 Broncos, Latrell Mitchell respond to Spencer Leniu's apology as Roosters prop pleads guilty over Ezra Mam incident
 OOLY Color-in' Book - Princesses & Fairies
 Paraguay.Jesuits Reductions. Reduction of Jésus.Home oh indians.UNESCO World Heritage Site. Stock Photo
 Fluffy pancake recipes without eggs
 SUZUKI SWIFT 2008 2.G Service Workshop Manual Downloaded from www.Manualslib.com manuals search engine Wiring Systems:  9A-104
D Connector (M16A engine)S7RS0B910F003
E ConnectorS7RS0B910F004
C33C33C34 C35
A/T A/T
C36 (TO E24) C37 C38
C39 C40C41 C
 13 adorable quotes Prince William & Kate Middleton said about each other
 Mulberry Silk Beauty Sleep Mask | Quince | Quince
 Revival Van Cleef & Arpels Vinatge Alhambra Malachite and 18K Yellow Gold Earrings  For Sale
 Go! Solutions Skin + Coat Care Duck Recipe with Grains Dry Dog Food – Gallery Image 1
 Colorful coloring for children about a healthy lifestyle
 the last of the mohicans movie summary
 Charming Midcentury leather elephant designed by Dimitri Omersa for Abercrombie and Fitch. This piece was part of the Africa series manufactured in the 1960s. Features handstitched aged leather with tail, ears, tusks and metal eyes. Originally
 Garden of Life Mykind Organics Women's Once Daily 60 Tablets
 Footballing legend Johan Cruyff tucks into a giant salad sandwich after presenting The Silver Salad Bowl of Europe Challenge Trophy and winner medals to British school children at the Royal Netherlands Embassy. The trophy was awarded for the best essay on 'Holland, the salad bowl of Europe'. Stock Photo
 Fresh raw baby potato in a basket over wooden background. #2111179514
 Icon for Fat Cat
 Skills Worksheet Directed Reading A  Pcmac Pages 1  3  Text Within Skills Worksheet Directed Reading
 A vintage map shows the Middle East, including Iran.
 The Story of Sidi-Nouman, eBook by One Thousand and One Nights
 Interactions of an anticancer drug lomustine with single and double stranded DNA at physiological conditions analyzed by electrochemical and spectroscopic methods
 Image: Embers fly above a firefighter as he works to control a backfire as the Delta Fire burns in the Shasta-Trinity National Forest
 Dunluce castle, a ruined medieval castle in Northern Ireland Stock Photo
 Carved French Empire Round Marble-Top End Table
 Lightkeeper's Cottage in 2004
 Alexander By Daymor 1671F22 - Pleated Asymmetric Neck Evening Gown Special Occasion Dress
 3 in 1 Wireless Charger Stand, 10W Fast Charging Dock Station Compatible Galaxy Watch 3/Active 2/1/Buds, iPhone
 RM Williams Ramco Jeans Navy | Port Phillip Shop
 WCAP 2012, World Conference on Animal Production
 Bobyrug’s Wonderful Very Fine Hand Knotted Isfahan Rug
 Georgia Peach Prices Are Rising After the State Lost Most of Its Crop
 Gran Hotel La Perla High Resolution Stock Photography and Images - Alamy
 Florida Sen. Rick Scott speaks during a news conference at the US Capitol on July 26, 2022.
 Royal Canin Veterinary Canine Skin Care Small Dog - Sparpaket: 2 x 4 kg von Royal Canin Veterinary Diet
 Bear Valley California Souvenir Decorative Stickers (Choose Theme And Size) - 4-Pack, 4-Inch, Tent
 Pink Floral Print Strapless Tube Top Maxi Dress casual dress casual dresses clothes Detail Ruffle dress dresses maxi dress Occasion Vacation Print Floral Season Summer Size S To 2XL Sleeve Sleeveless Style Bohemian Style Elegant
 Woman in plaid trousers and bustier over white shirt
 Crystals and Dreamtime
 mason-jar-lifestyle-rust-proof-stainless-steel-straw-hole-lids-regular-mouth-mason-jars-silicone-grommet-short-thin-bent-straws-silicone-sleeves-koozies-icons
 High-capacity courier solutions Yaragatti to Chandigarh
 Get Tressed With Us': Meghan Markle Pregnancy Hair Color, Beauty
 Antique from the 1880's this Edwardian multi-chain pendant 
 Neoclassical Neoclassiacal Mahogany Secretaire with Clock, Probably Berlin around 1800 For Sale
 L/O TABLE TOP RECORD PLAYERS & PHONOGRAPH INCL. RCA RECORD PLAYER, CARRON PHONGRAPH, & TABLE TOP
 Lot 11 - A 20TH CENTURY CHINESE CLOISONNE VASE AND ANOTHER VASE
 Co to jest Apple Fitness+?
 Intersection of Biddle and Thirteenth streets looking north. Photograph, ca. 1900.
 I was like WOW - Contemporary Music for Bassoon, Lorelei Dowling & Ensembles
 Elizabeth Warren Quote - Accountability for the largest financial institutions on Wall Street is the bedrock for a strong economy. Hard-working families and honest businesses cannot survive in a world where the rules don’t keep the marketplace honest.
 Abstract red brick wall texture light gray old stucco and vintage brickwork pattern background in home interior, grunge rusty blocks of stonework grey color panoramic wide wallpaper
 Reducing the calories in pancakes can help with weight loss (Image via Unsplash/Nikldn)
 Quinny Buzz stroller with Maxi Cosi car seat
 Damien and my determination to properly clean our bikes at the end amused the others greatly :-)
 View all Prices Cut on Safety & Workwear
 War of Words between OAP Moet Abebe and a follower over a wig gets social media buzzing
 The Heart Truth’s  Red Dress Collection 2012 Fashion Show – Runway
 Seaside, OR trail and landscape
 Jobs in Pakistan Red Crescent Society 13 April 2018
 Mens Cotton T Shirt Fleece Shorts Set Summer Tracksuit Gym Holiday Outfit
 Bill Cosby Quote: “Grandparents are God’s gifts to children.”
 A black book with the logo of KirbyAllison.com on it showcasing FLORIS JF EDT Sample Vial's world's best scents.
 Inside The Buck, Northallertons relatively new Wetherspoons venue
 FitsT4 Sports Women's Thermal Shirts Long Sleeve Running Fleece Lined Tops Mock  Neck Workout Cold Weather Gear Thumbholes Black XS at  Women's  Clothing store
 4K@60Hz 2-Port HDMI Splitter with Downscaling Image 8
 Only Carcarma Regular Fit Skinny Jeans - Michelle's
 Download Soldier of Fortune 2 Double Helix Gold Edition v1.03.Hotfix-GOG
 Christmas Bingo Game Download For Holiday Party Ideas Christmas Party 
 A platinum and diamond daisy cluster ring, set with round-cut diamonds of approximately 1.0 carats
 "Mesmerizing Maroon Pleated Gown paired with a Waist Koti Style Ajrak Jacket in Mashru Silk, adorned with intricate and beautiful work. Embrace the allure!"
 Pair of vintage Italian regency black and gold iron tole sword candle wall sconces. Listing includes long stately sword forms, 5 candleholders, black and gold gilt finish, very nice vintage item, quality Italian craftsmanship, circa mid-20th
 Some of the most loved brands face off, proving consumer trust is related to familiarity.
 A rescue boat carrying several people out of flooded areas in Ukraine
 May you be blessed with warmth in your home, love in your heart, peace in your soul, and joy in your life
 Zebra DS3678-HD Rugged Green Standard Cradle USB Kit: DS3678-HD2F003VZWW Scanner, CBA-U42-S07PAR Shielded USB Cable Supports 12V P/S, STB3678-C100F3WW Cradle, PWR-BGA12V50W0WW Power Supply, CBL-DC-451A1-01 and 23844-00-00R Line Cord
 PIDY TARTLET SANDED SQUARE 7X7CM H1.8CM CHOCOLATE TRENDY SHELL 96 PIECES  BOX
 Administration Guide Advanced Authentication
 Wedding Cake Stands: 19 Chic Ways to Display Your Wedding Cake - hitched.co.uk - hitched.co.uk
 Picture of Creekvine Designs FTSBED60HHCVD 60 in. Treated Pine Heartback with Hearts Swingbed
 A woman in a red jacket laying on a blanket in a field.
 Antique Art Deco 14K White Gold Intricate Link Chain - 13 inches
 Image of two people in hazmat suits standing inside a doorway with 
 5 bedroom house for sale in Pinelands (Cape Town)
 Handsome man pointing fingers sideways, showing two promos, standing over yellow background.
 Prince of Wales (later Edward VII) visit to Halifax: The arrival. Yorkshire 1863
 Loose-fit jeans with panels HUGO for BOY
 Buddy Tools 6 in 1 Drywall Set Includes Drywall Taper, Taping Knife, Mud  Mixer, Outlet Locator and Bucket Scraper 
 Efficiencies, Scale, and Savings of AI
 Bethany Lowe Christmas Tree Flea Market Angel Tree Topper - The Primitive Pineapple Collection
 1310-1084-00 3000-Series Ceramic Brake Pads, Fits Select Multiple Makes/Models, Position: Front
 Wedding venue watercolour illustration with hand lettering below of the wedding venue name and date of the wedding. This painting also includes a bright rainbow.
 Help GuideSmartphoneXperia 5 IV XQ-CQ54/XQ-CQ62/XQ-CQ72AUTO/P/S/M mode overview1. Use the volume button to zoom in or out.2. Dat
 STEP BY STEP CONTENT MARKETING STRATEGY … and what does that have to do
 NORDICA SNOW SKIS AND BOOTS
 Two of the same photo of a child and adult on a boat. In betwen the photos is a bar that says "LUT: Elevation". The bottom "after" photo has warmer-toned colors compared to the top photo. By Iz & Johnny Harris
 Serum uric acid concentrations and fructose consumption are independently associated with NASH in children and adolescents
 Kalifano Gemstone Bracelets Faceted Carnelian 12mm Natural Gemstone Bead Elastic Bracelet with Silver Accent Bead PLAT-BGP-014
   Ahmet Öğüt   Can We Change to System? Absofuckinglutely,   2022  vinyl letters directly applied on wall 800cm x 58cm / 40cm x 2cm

————

Over the whole listing above, how many lines contain the string "Silver"? The answer is that number alone.

2